Ich habe neulich mal wieder „Ich finde Gott in den Dingen, die mich wütend machen“ von Nadia Bolz-Weber gelesen. In dem Buch redet sie ziemlich viel über Feindesliebe – etwas, über das ich selbst ziemlich viel nachgrüble. Es ist ja schon irgendwie wichtig, seine Feinde zu lieben. Aber wie weit soll das gehen? Neulich war ich an einem Punkt, wo meine Feindesliebe, wenn man das so nennen mag, ihre Grenzen erreichte. Seit einiger Zeit mache ich bei einer Art Online-Gebetsgemeinschaft mit und konnte so einige Kontakte sammeln… darunter auch ein erzkonservativer Katholik, der ständig durch komische Tweets auffällt. Es gab so einiges, was ich blöd fand. Neulich aber hat derjenige in einem Tweet alle Atheisten beleidigt. Somit auch meine ganze Familie, was ich ihm schrieb. Er antwortete, meine Familie würde das schon überstehen und es gebe ja Meinungsfreiheit. Da konnte ich nicht mehr.

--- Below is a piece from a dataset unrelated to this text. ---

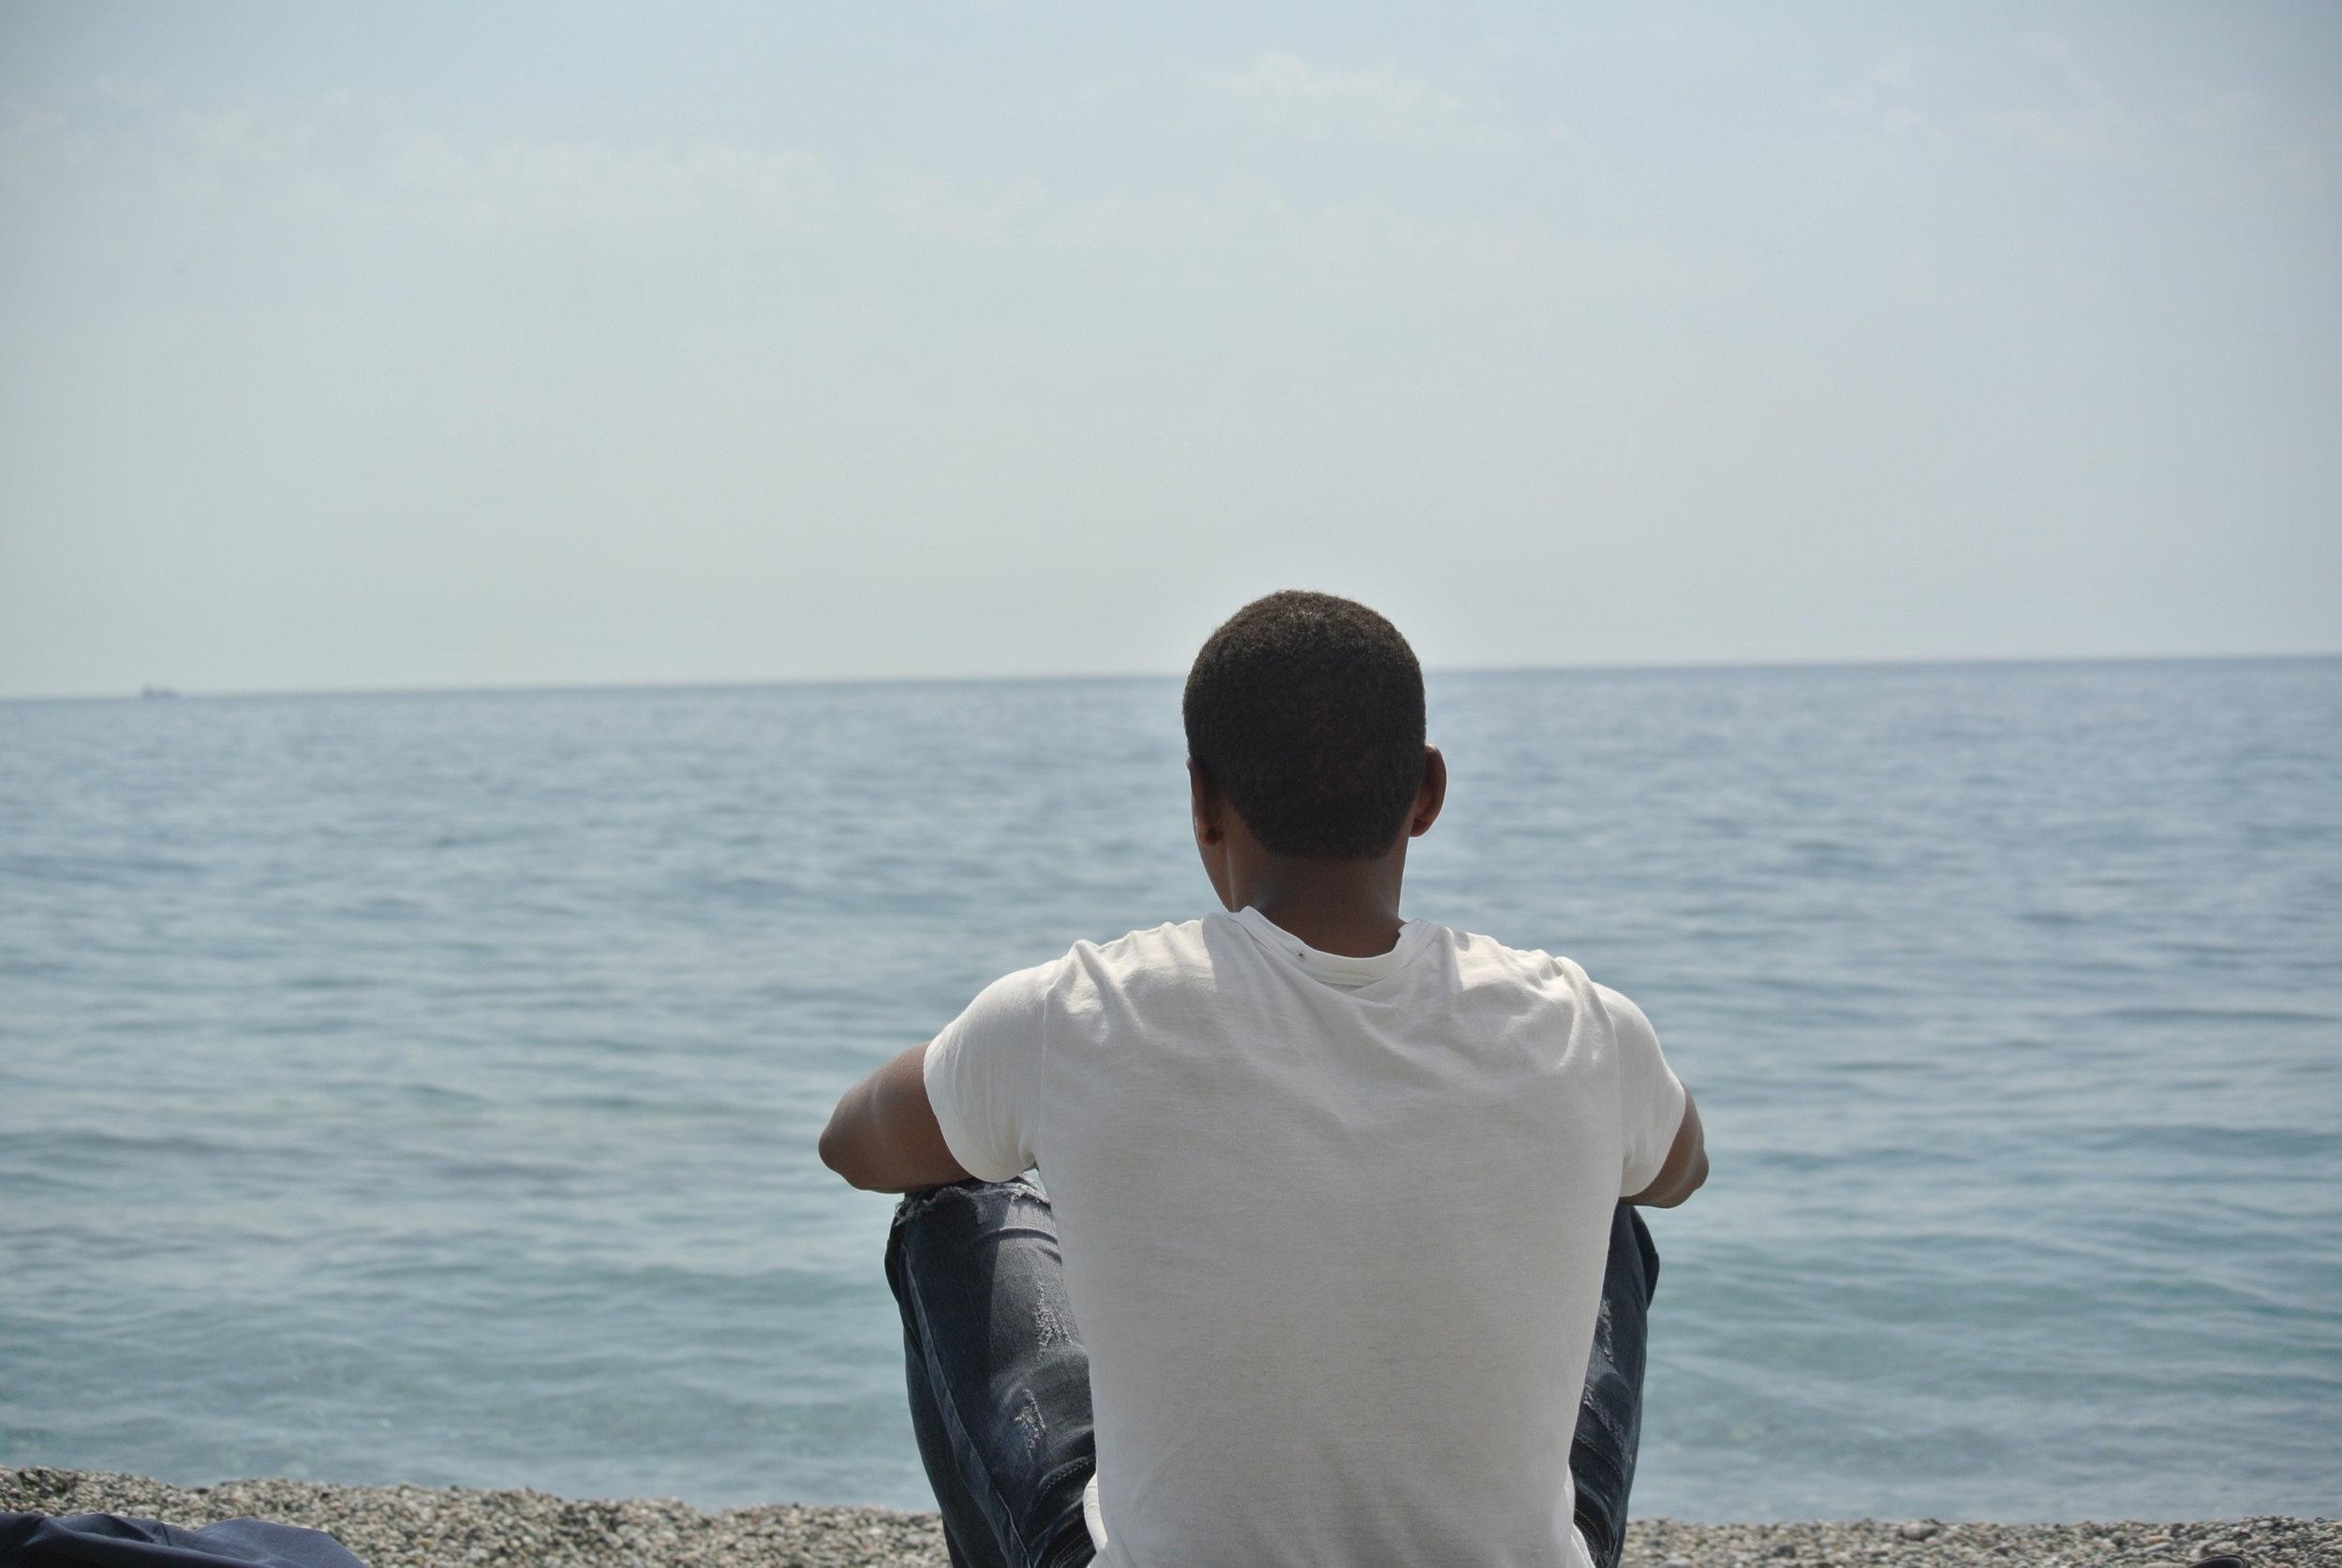 Staring at the sea. Longobardi, Italy; May 2018. ©Pamela Kerpius

Tagesordnungspunkt 2: Gesundheit

Mein Körper ist ein bisschen merkwürdig. Vorgestern hatte ich eine so starke Magenverstimmung, dass ich sicherheitshalber die 112 angerufen habe. Gestern gabs nur noch ein wenig Bauchgrummeln und heute ist alles wieder weg.

(Mir ist gerade aufgefallen, dass ich vor genau einem Jahr schon mal Magenprobleme wegen Essen hatte. Ich hoffe, das wird jetzt nicht zur Tradition.)

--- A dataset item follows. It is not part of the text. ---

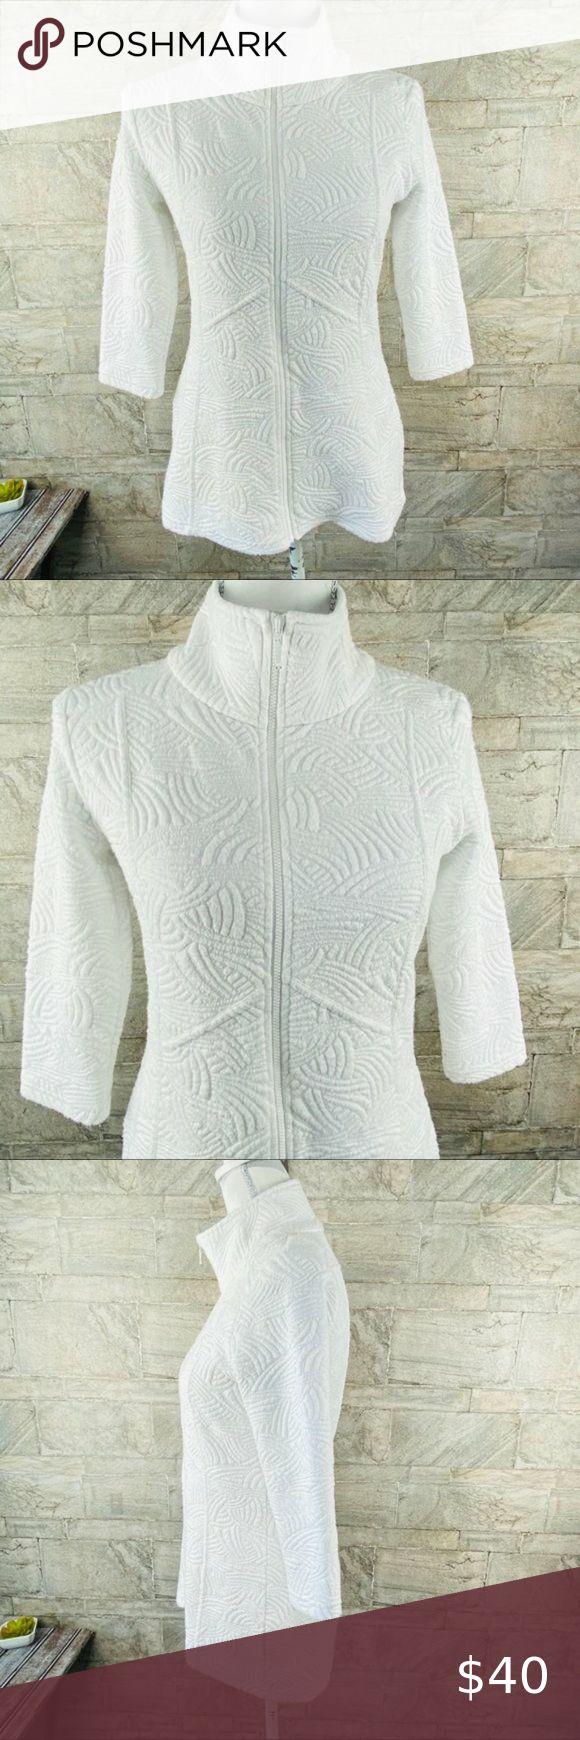 Sno Skins Sport Fabric Braided Jacquard Turtleneck Clothes Design Turtle Neck Jackets For Women [ 1740 x 580 Pixel ]

Wegen meines doofen Magens musste ich vorgestern das Ju-Jutsu-Training ausfallen lassen, zu dem ich seit zwei Monaten gehe. Letzte Woche gab es da schon Probleme, weil ich eine Kerze versucht und mir dabei ordentlich die Arme gezerrt habe. Ich unsportliches Ding!

Darüber hinaus, vor zwei Wochen:

Mittrainierende: Ach du Scheiße, was hast DU denn da?

In diesem Augenblick erblicke ich einen kleiner-Finger-großen, buntschillernden Fleck an meinem Oberschenkel.

Ich: Hier, guck mal!

Trainer: Ach du Scheiße, wie ist DAS denn passiert?

Ich: Könntest du beim letzten Training gewesen sein.

Trainer: Ouuuuh!

Tagesordnungspunkt 3: (noch mehr) gute Freizeitaktivitäten

Letztes Wochenende bekam ich die Gelegenheit, einen Escape Room zu besuchen. Es war wirklich unterhaltsam. Wir waren 60 Minuten in einem Raum eingesperrt und mussten unter Zuhilfenahme des Raumes versuchen, uns daraus zu befreien. Viel mehr darf ich jetzt nicht dazu sagen und zumindest bei dem Veranstalter, den ich genutzt hatte, darf ich auch nie wieder in diesen einen Raum rein. Aber es ist sehr gut und ich kann es jedem nur empfehlen.

Heute Abend werde ich arabisch essen und freue mich schon darauf. Inspiriert wurde ich dazu von meiner Arbeit, auf der es innerhalb von drei Tagen zwei Mal überraschend arabisches Essen gab. Und es ist so lecker!